Arkansas showed the highest adoption rate at 29.2 percent (based on 7,376 complaints), followed by Missouri at 26.9 percent (16,807 complaints) and North Dakota at 24.8 percent (1,025 complaints). In contrast, states like West Virginia (2.6 percent), Idaho (3.8 percent), and Vermont (4.8 percent) showed minimal AI writing adoption. Major population centers demonstrated moderate adoption, with California at 17.4 percent (157,056 complaints) and New York at 16.6 percent (104,862 complaints).

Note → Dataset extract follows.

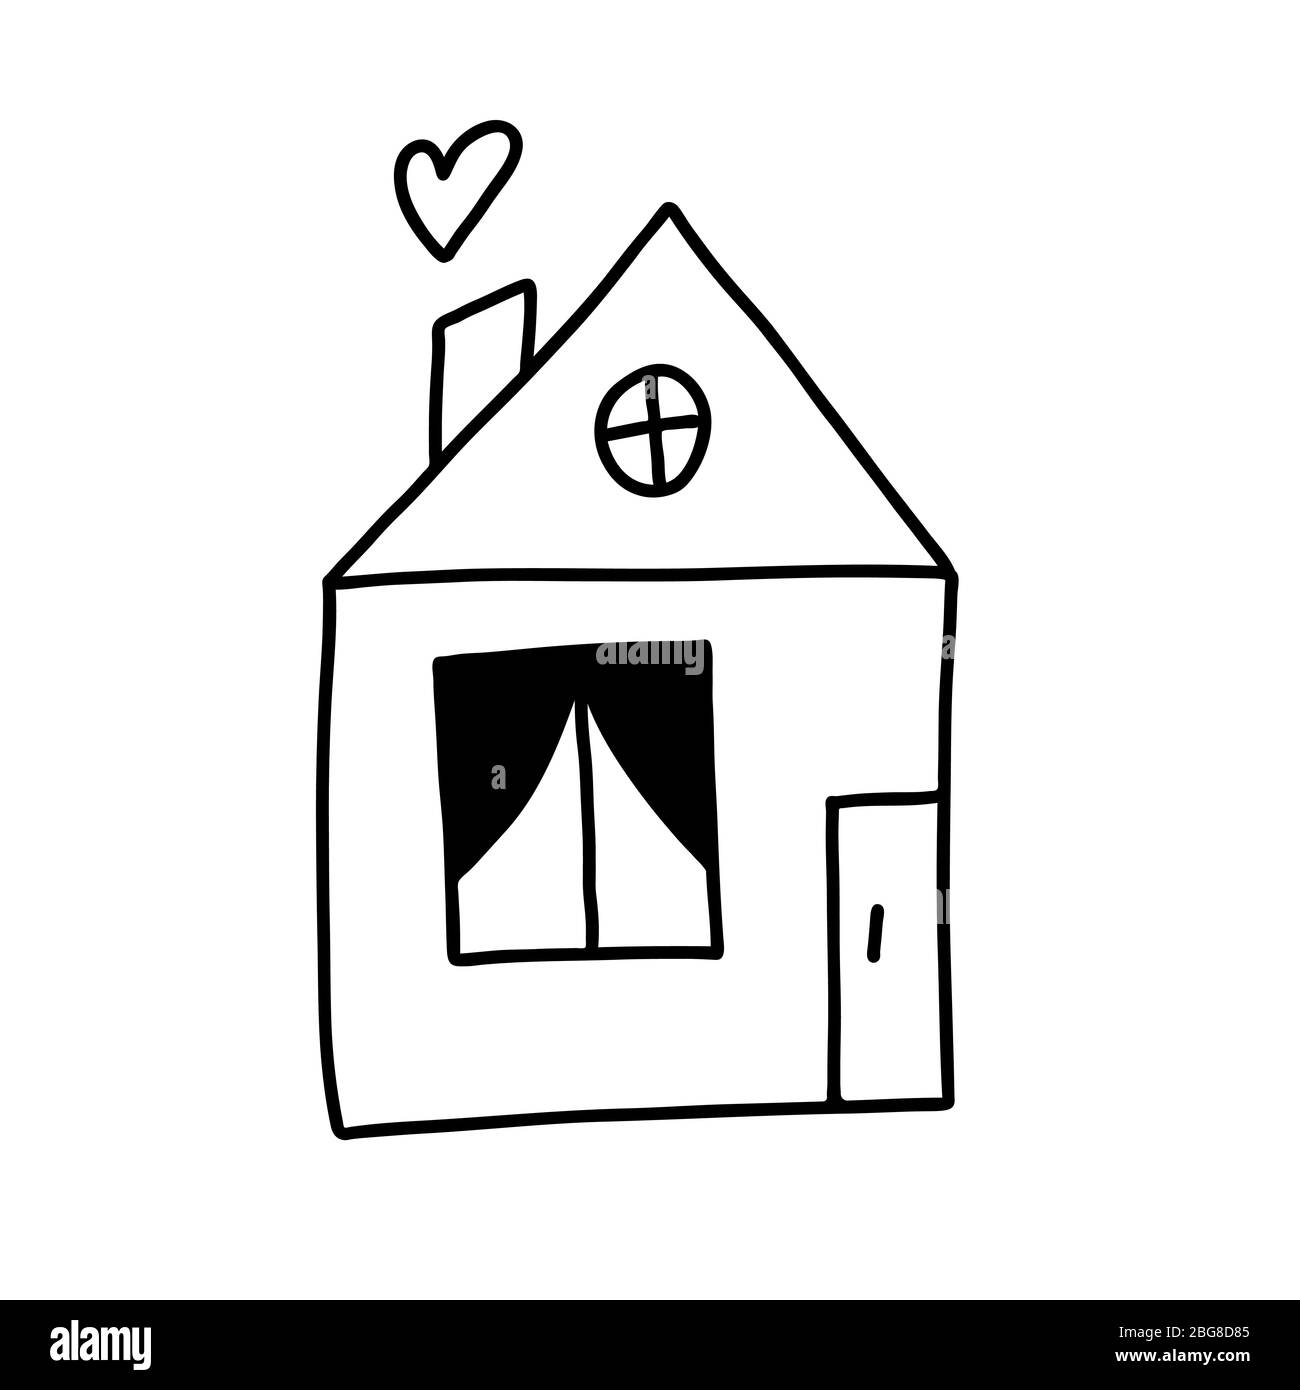 Joli dessin main doodle icône simple de maison avec porte, fenêtre, toit et cheminée, où est le coeur au lieu de fumée. Isolé sur fond blanc Illustration de Vecteur

The urban-rural divide followed expected technology adoption patterns initially, but with an interesting twist. Using Rural Urban Commuting Area (RUCA) codes, the researchers found that urban and rural areas initially adopted AI writing tools at similar rates during early 2023. However, adoption trajectories diverged by mid-2023, with urban areas reaching 18.2 percent adoption compared to 10.9 percent in rural areas.

Contrary to typical technology diffusion patterns, areas with lower educational attainment showed higher AI writing tool usage. Comparing regions above and below state median levels of bachelor’s degree attainment, areas with fewer college graduates stabilized at 19.9 percent adoption rates compared to 17.4 percent in more educated regions. This pattern held even within urban areas, where less-educated communities showed 21.4 percent adoption versus 17.8 percent in more educated urban areas.

The researchers suggest that AI writing tools may serve as a leg-up for people who may not have as much educational experience. “While the urban-rural digital divide seems to persist,” the researchers write, “our finding that areas with lower educational attainment showed modestly higher LLM adoption rates in consumer complaints suggests these tools may serve as equalizing tools in consumer advocacy.”

Corporate and diplomatic trends in AI writing

According to the researchers, all sectors they analyzed (consumer complaints, corporate communications, job postings) showed similar adoption patterns: sharp increases beginning three to four months after ChatGPT’s November 2022 launch, followed by stabilization in late 2023.

Organization age emerged as the strongest predictor of AI writing usage in the job posting analysis. Companies founded after 2015 showed adoption rates up to three times higher than firms established before 1980, reaching 10–15 percent AI-modified text in certain roles compared to below 5 percent for older organizations. Small companies with fewer employees also incorporated AI more readily than larger organizations.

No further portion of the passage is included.